O estatuto da Sabesp prevê que os acionistas podem receber até 25% do lucro líquido anual da empresa, mas desde a aprovação da regulamentação, o índice nunca foi menor que 26,1%. Em 2003, por exemplo, logo após a vitória de Geraldo Alckmin nas urnas de São Paulo, a porção que morreu nas mãos do capital privado atingiu obscenos 60,5% do montante total. Estima-se, ainda, que um terço do lucro líquido total da Sabesp já foi repassado aos acionistas, o que significa aproximadamente R$ 4,13 bilhões — o dobro do que a Sabesp investe anualmente em saneamento básico, segundo os cálculos do Jornal GGN
Presidente do Sindicato dos Trabalhadores em Água, Esgoto e Meio Ambiente (Sintaema) entre 1988 e 1994 e atual vice-presidente da Central dos Trabalhadores e Trabalhadoras do Brasil (CTB), Nivaldo Santana ressalta que a antes vigorosa taxa de lucro da Sabesp já tem acusado o golpe da crise: “A diminuição da receita tarifária, por conta da menor oferta de água, faz com que a empresa torne-se pouco atraente para os acionistas, até porque o investidor de Nova Iorque, por exemplo, não está preocupado se falta água para a população de São Paulo, mas sim com o retorno de seu investimento. Por isso, a tendência é que a queda nos números se acentue cada vez mais”.
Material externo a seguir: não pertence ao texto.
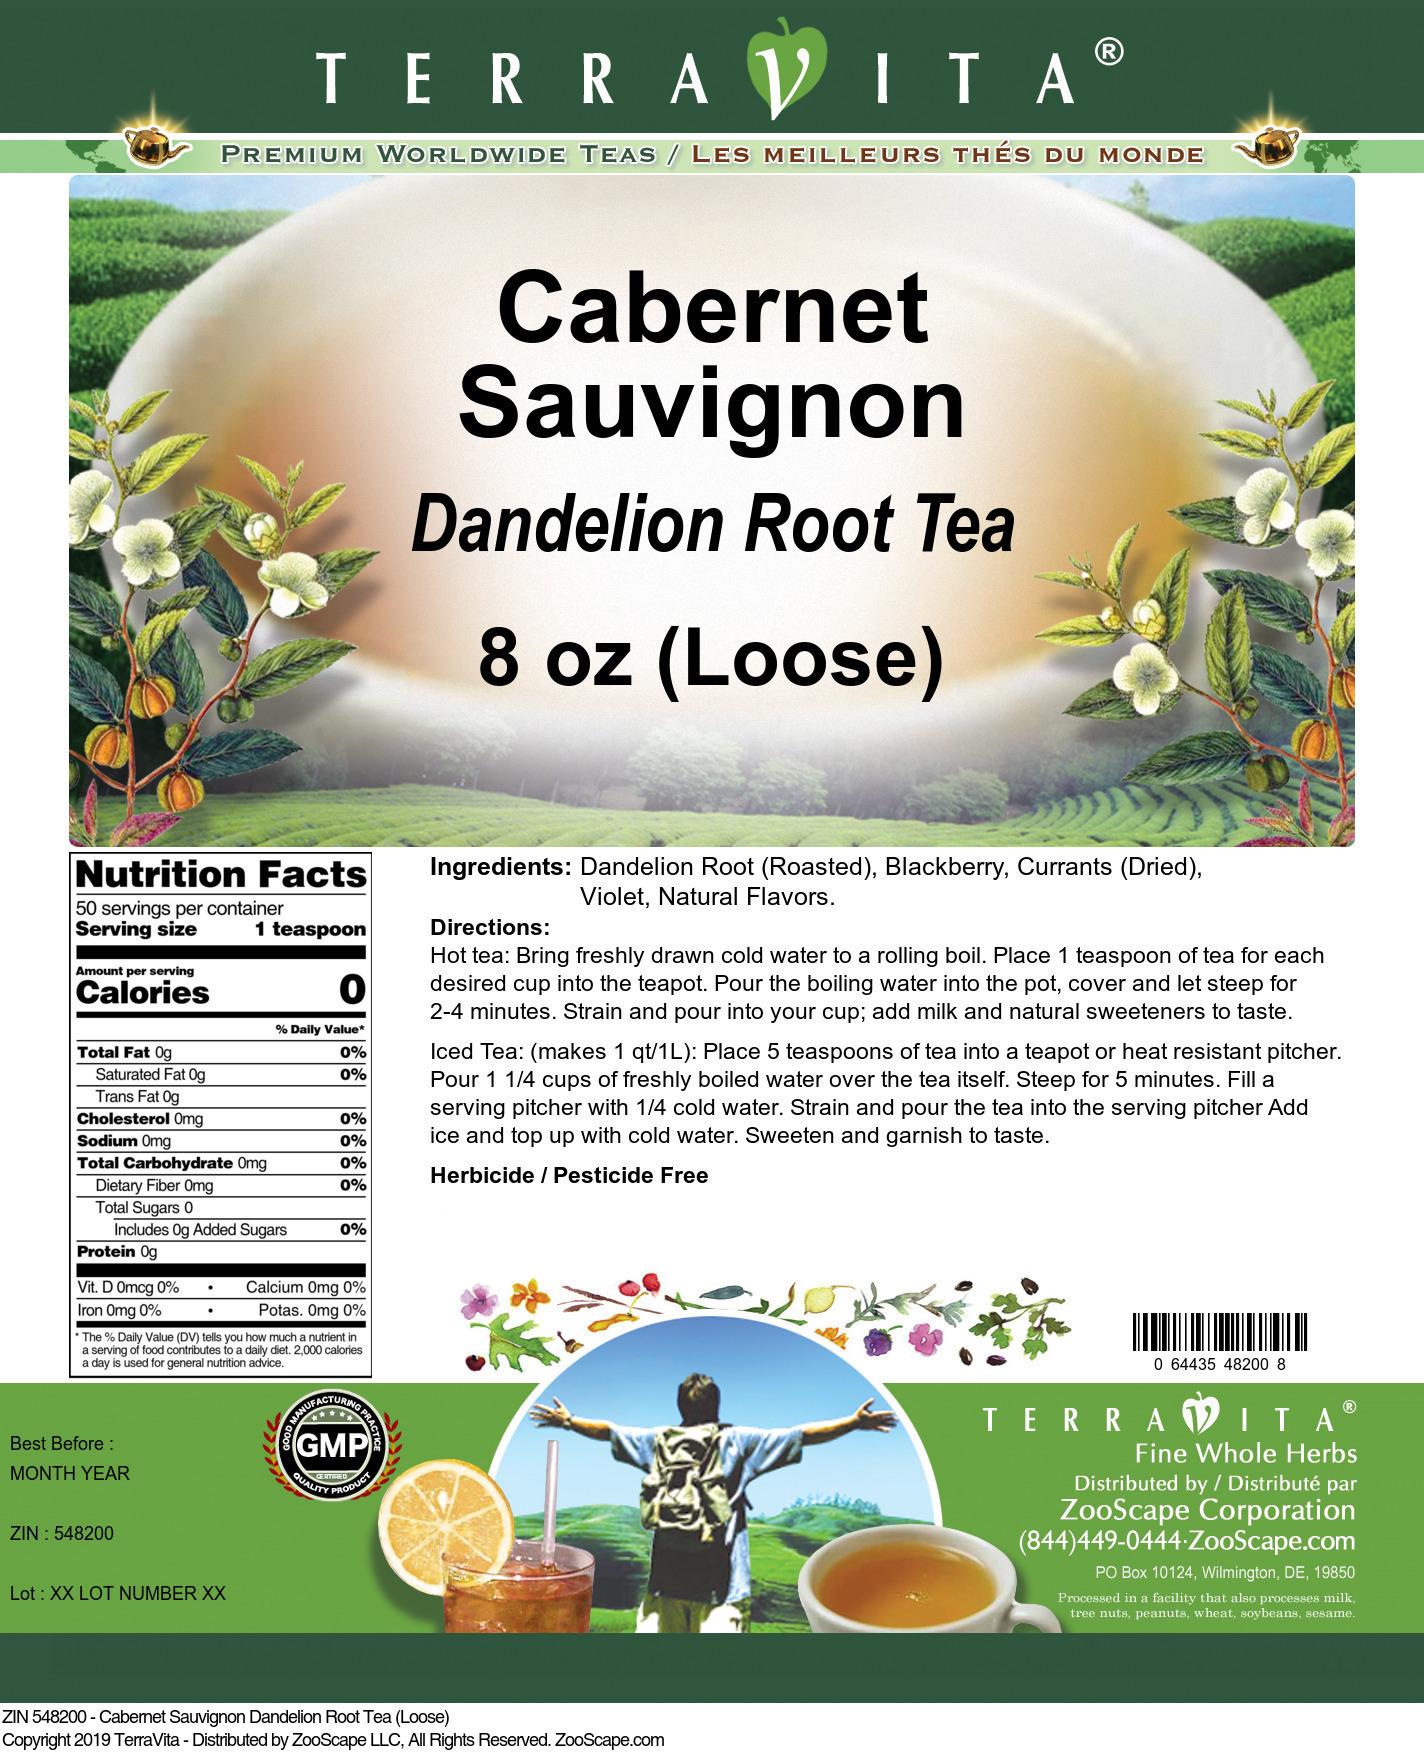 Cabernet Sauvignon Dandelion Root Tea (Loose)

Segundo ele, “o que se vê na Sabesp é uma administração privatista, que segue a lógica privada mesmo tendo uma gestão, ao menos em tese, mista”. “No curto prazo, a aprovação do PL 410/2003 visava fazer caixa para a Sabesp, mas a longo prazo, é parte de um projeto de redução do papel do Estado nos serviços públicos”, assinala.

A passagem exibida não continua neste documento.